__INFORMATION SUPPLIED__
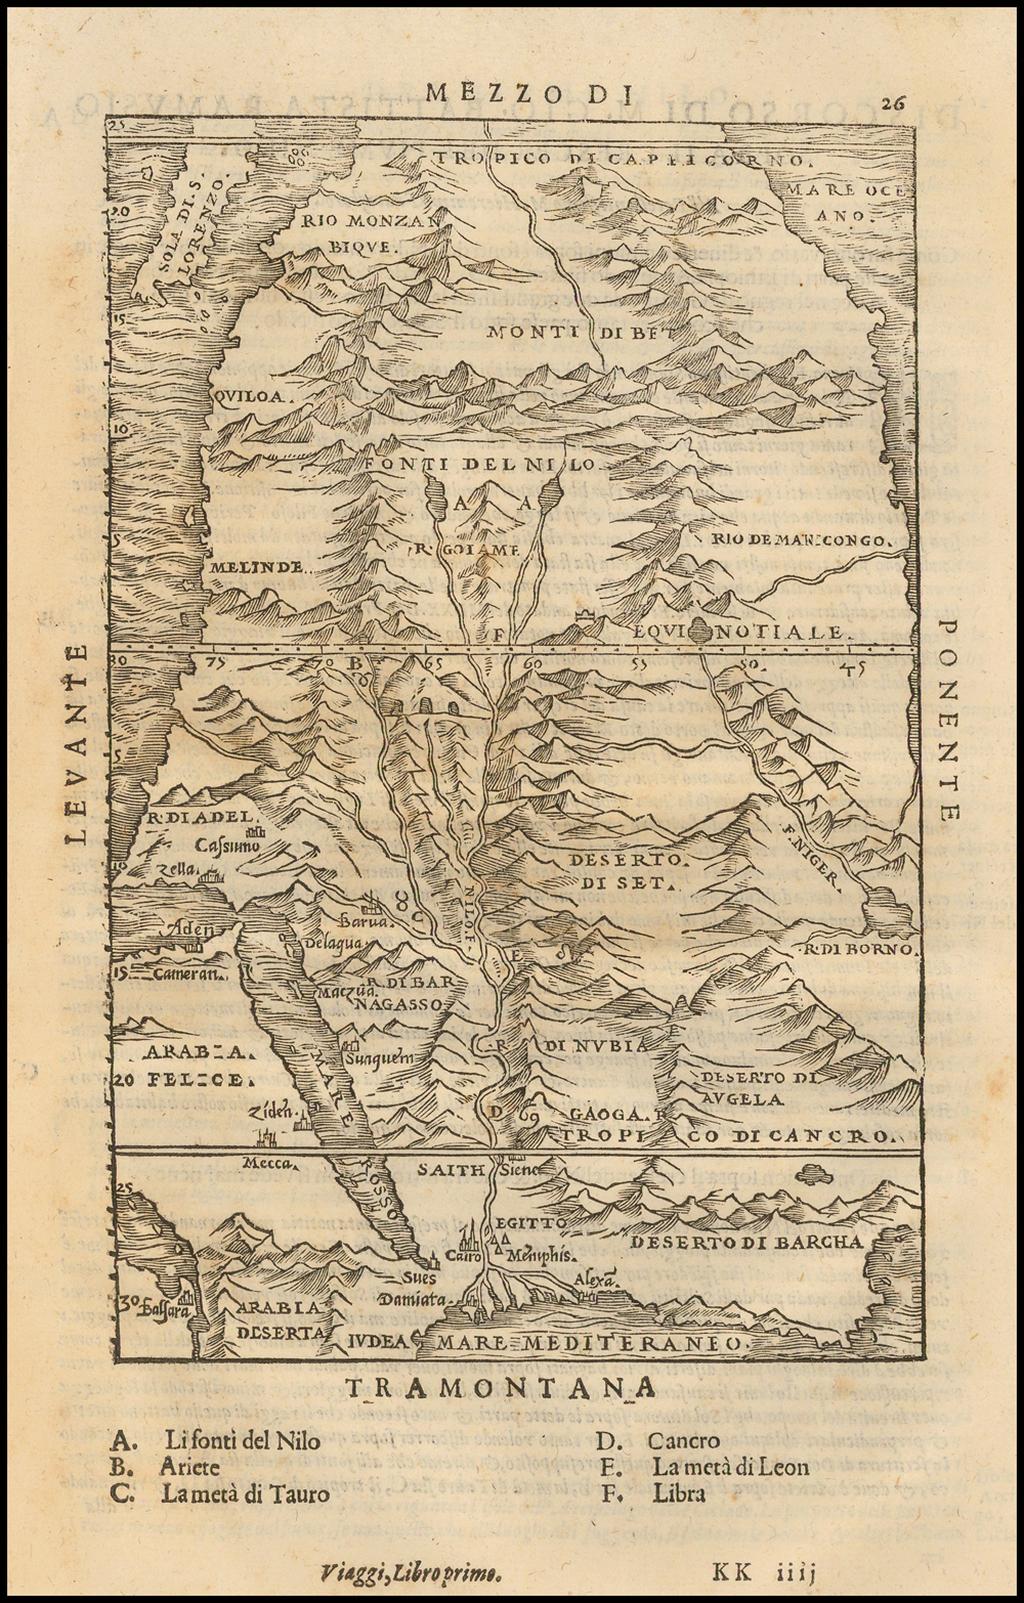 [Untitled Map Africa, Red Sea and Saudi Peninsula] By Giovanni Battista Ramusio
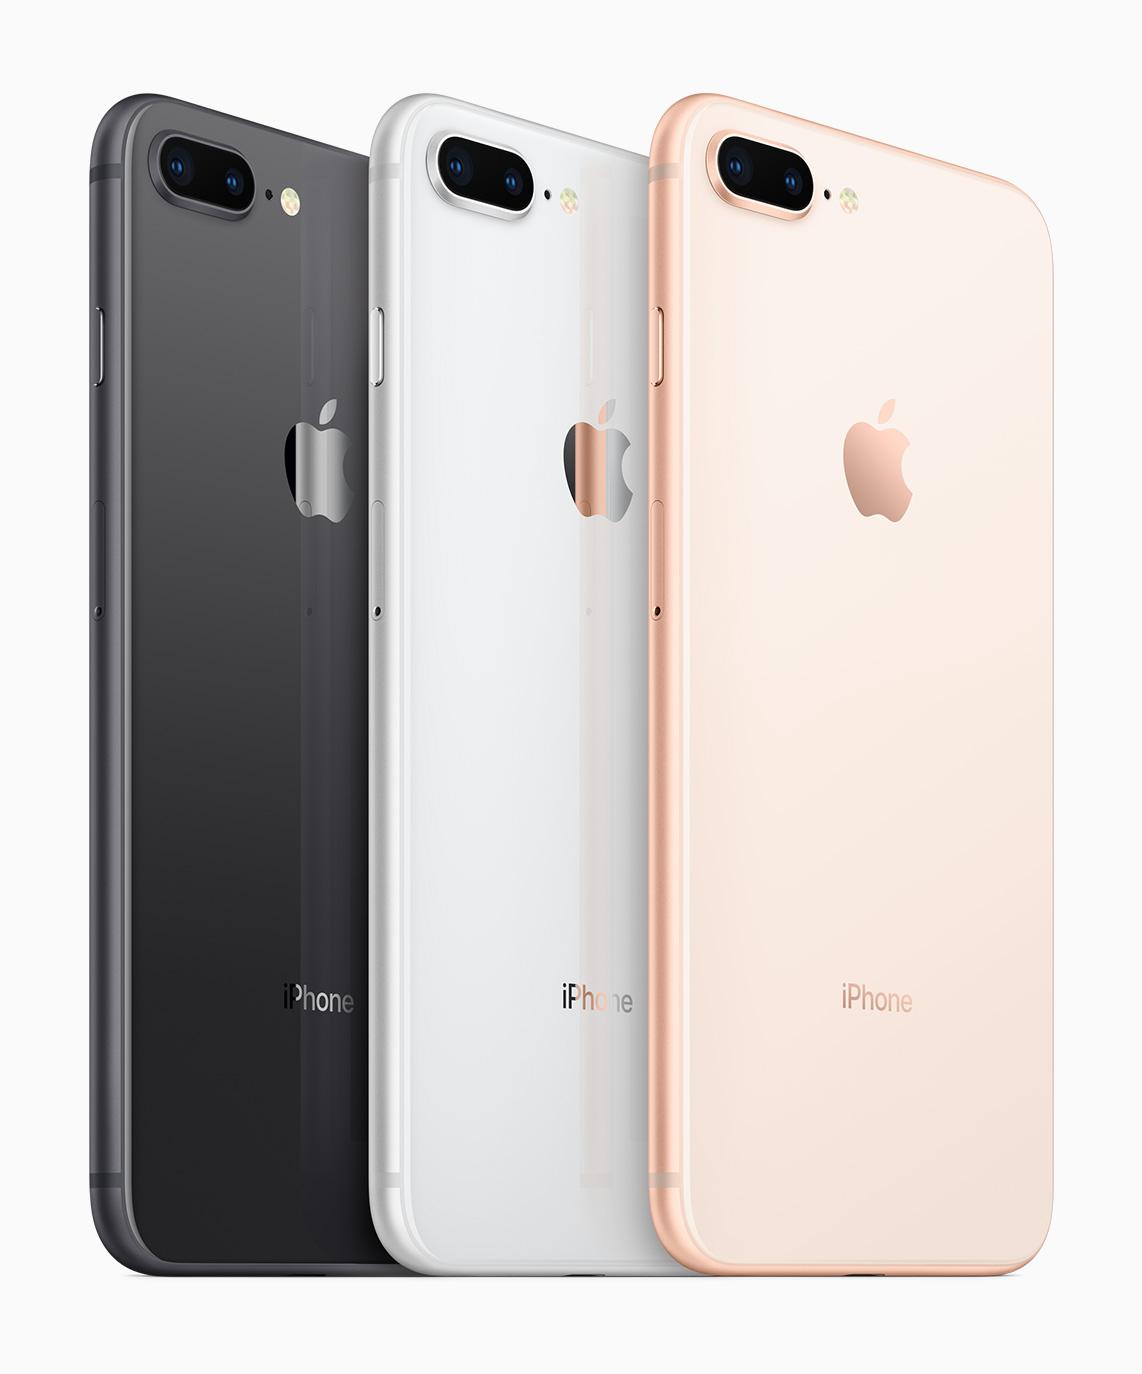 گوشی موبایل آیفون 8 پلاس (iphone 8 plus)
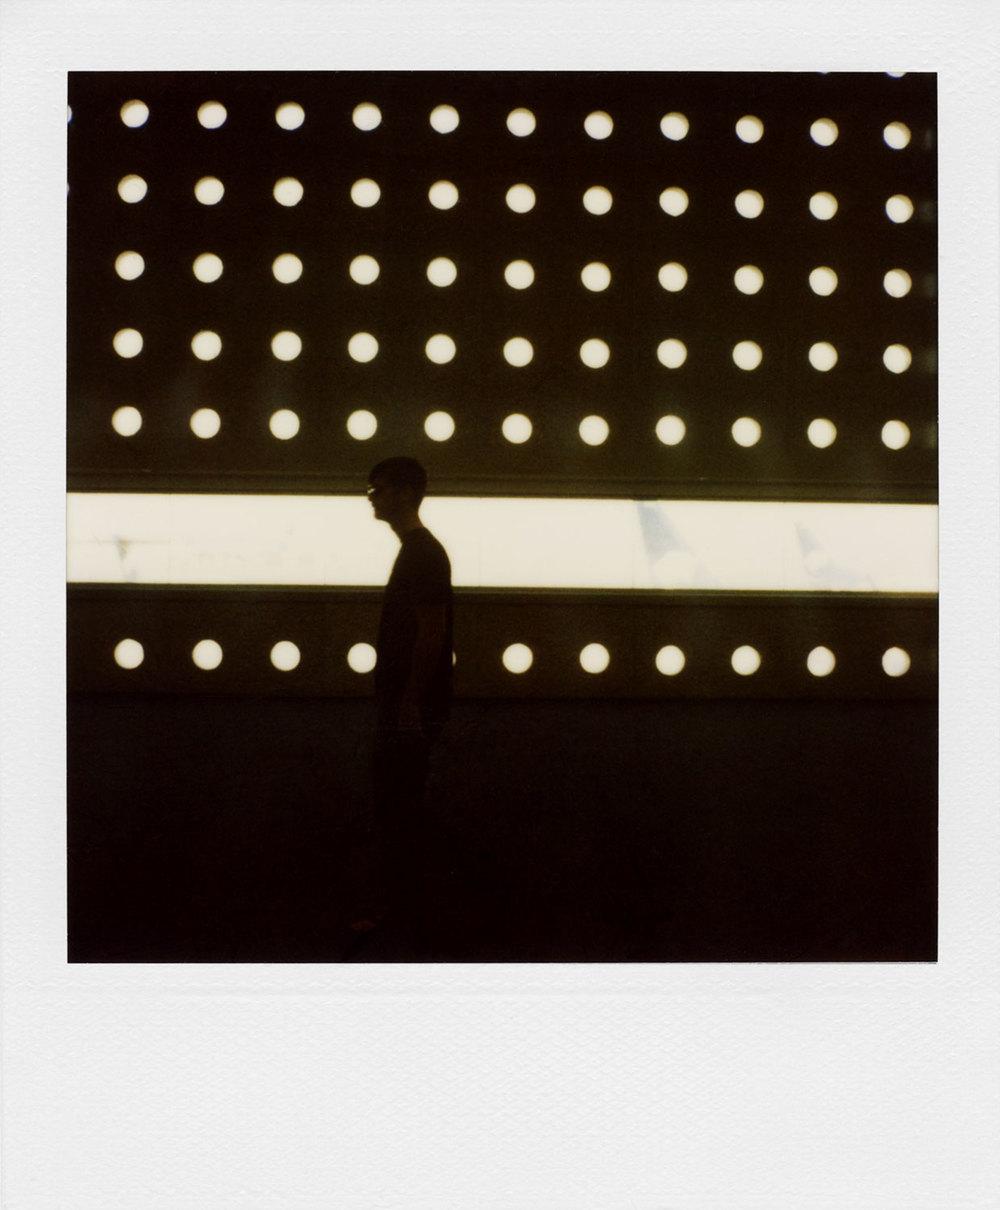 polaroid-49.jpg

__TO DO__
Each line above is to be copied exactly, and the pictures are to be dropped.

__SOLUTION TO THE EXERCISE__
 [Untitled Map Africa, Red Sea and Saudi Peninsula] By Giovanni Battista Ramusio
 گوشی موبایل آیفون 8 پلاس (iphone 8 plus)
 polaroid-49.jpg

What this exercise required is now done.